EDUCATION THEORY MADE PRACTICAL – Volume 3, Part 6: Programmatic Assessment

As part of the ALiEM Faculty Incubator program, teams of 2-4 incubator participants authored a primer on a key education theory, linking the abstract to practical scenarios. For the third year, these posts are being serialized on our blog, as a joint collaboration with ALiEM. You can view the first e-book here – the second is nearing completion and will soon be released.  You can view all the blog posts from series 1 and 2 here.

The ALiEM team loves hearing your feedback prior to publication. No comment is too big or too small and they will be used to refine each primer prior to the eBook publication.  (note: the blog posts themselves will remain unchanged)

This is the sixth post of Volume 3. You can find the previous posts here: Bolman and Deal’s Four-Frame Model; Validity; Mayer’s Cognitive Theory of Multimedia LearningThe Kirkpatrick Model: Four Levels of Learning Evaluation and Curriculum Development.

————————————————————————————————————————–

Programmatic Assessment

Authors: Elizabeth Dubey; Christian Jones (@jonessurgery); Annahieta Kalantari (@akkalantari)

Editor: Sara M. Krzyzaniak (@SMKrzyz)

Main Authors or Originators: Lambert W. T. Schuwirth, Cees P. M. Van der Vleuten
Other important authors or works: Roger Ellis, Joost Dijkstra

Part 1: The Hook

Sonja excelled in medical school. She flew through her nonclinical years, earned honors on her rotations, and got outstanding letters of recommendation from her mentors.

Intern year was… different.

Sonja struggled to find her way in the busy urban hospital where she trained. Her patient care dedication never lapsed, but she constantly felt she was barely keeping up with the endless flow of test results and pending procedures. Her interactions with senior residents and attending physicians were all business: here’s what needs to be done, let me know when it is complete. This was mirrored in her regular summative evaluations: “Doing fine”, “Keep reading”, and “Hard worker” were the norm.

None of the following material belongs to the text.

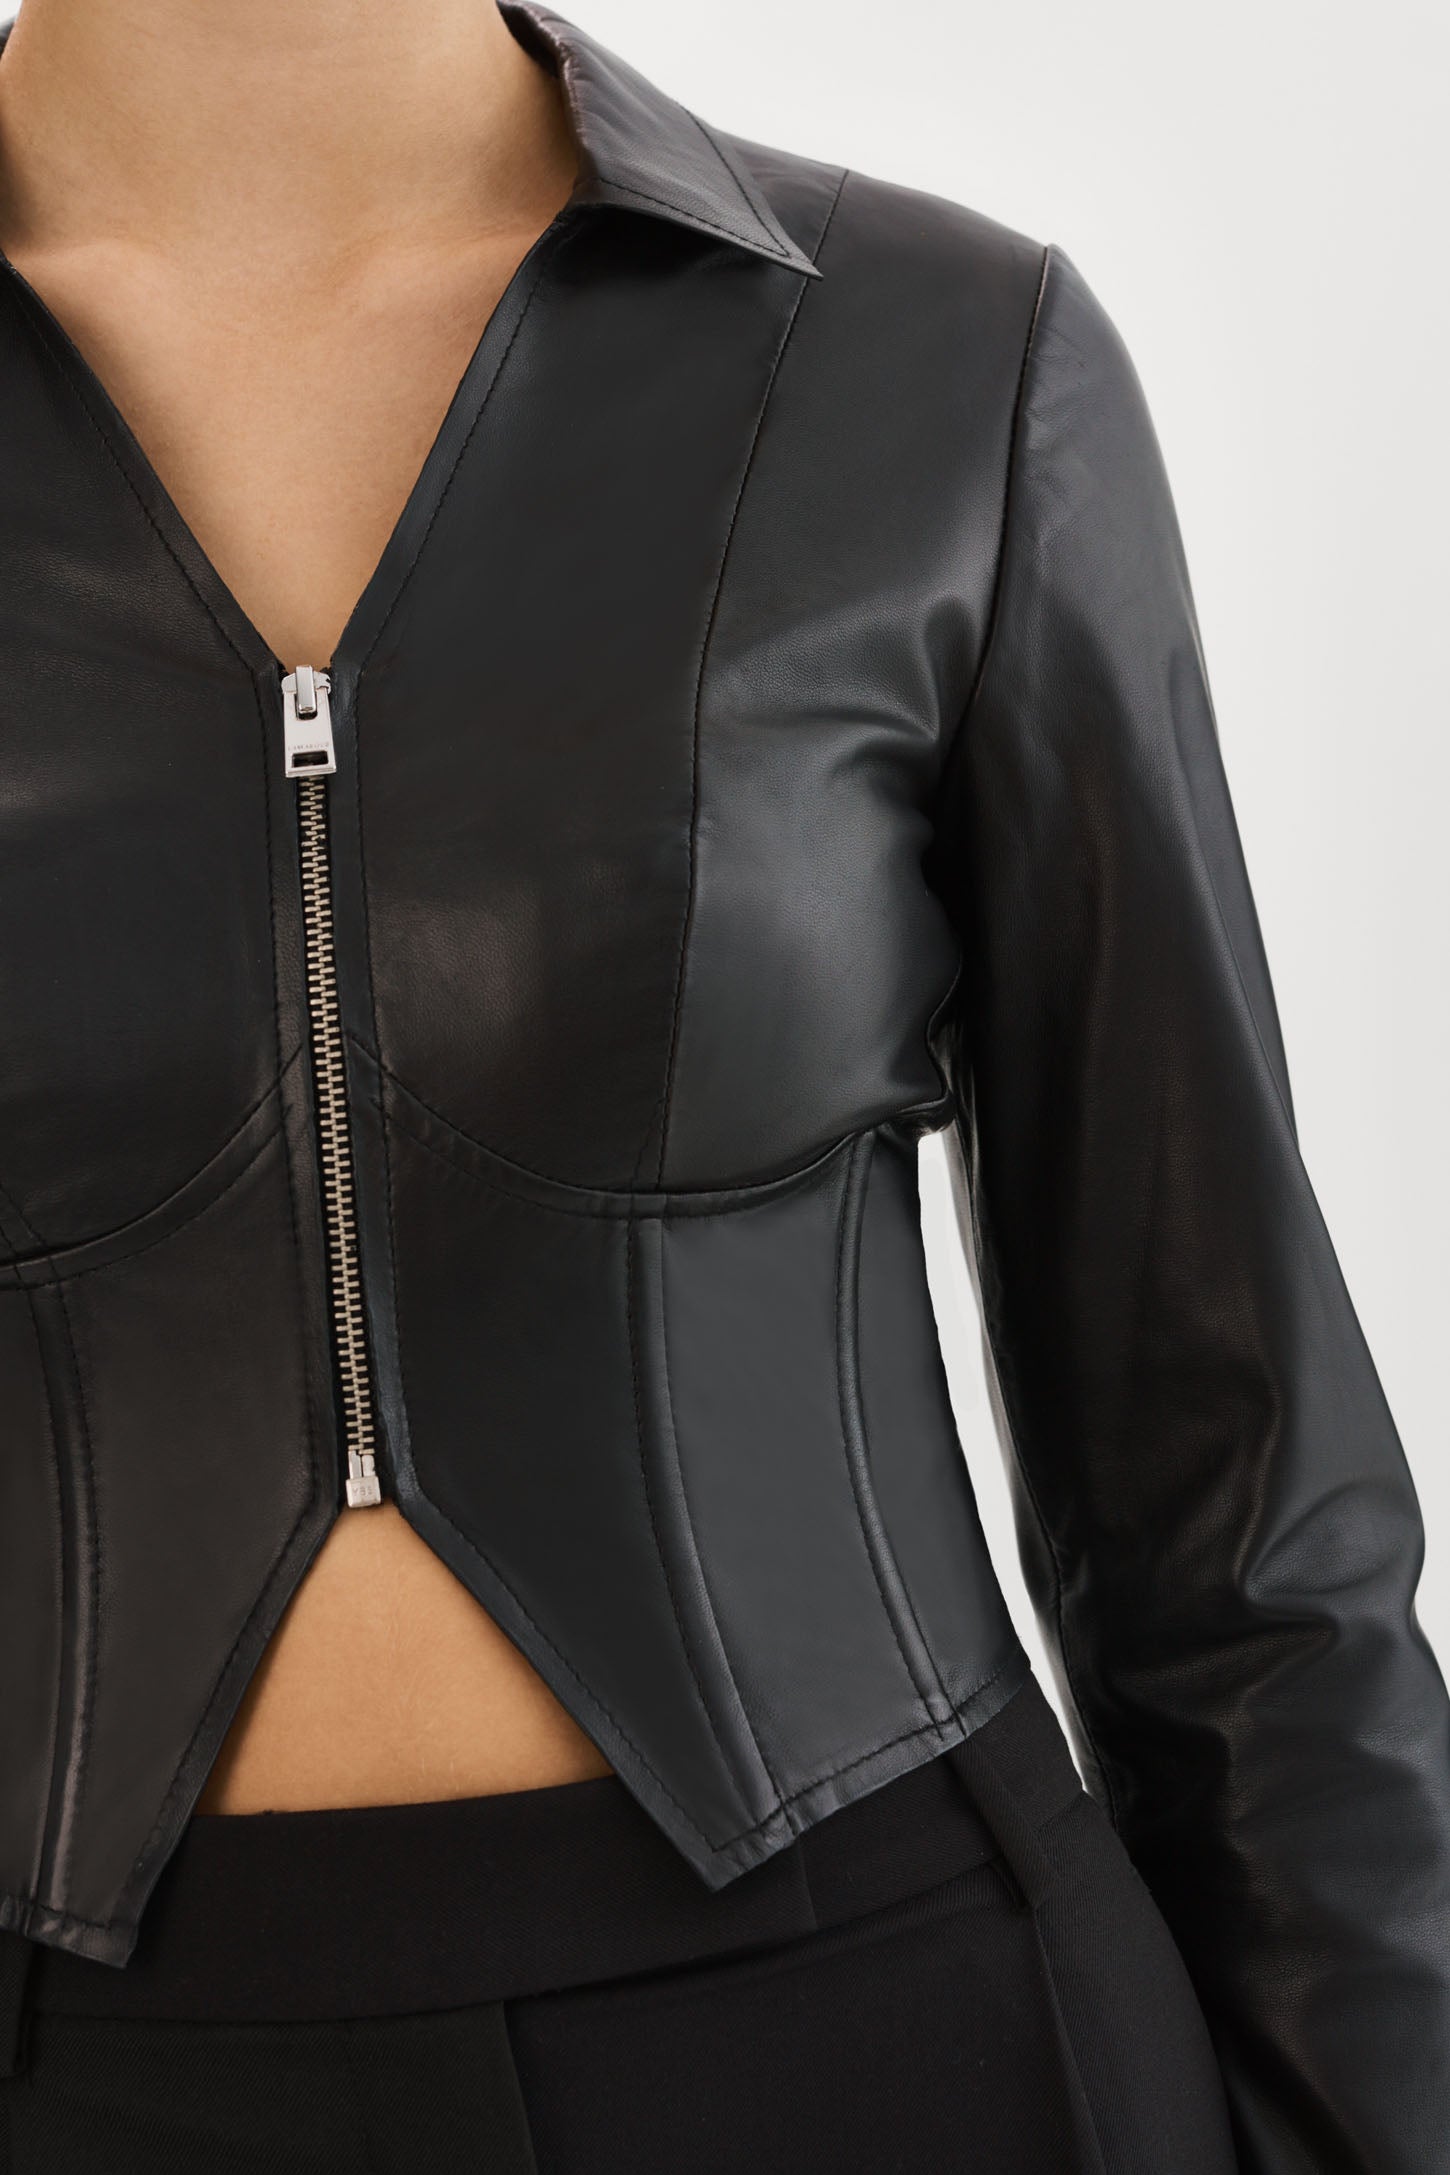 La Marque Leather Under-Bust Corset – Want Boutique Inc.

When her program director (PD) met with Sonja six months into internship, feedback was limited. “I haven’t heard about any major problems,” the PD noted. “How have you been doing?”

The young doctor was reluctant to discuss her uncertainties, and stuck with “Fine, I think.” The two made plans to discuss her progress again after the annual inservice exam.

That, unfortunately, did not go well. Sonja was shocked to find she scored in the 14th percentile on the test and was already expecting the PD’s call. More shock was to come, however; much to her surprise, Sonja was placed on academic probation. She’d be assigned a mentor and a “learning specialist” with whom she was required to meet every other week. If she continued to perform “this poorly”, she was told, she’d be asked to leave the program. The PD asked her if she had considered another specialty.

Part 2: The Meat

Overview

Programmatic assessment utilizes data points from various sources and assessment tools for making high-stakes decisions and to facilitate learning.

We first must make the distinction between the assessment of learning and the assessment for learning. Assessment of learning is the traditional summative assessment which is familiar to all of us. This may take the form of a grade or formal report card. Assessment for learning combines the assessment process with the educational process, allowing education to be tailored to the needs of individual students in an ongoing fashion.1 The goal is to make assessment an integral and more relevant aspect of education. Programmatic assessment considers assessment to be as important as the curriculum itself, thus requiring intense planning and review. This type of an assessment program can allow educators to use the assessment as a teaching tool in itself.

A program of assessment is used to collect and combine information from various assessment sources to inform about the strengths and weaknesses of each individual learner. An important part of innovative assessment programs is that information from all assessment sources can be used to inform each competency domain. The weaknesses or deficiencies of some instruments can be compensated by the strengths of other instruments, leading to a diverse spectrum of complementary measurement tools to understand competence as a whole.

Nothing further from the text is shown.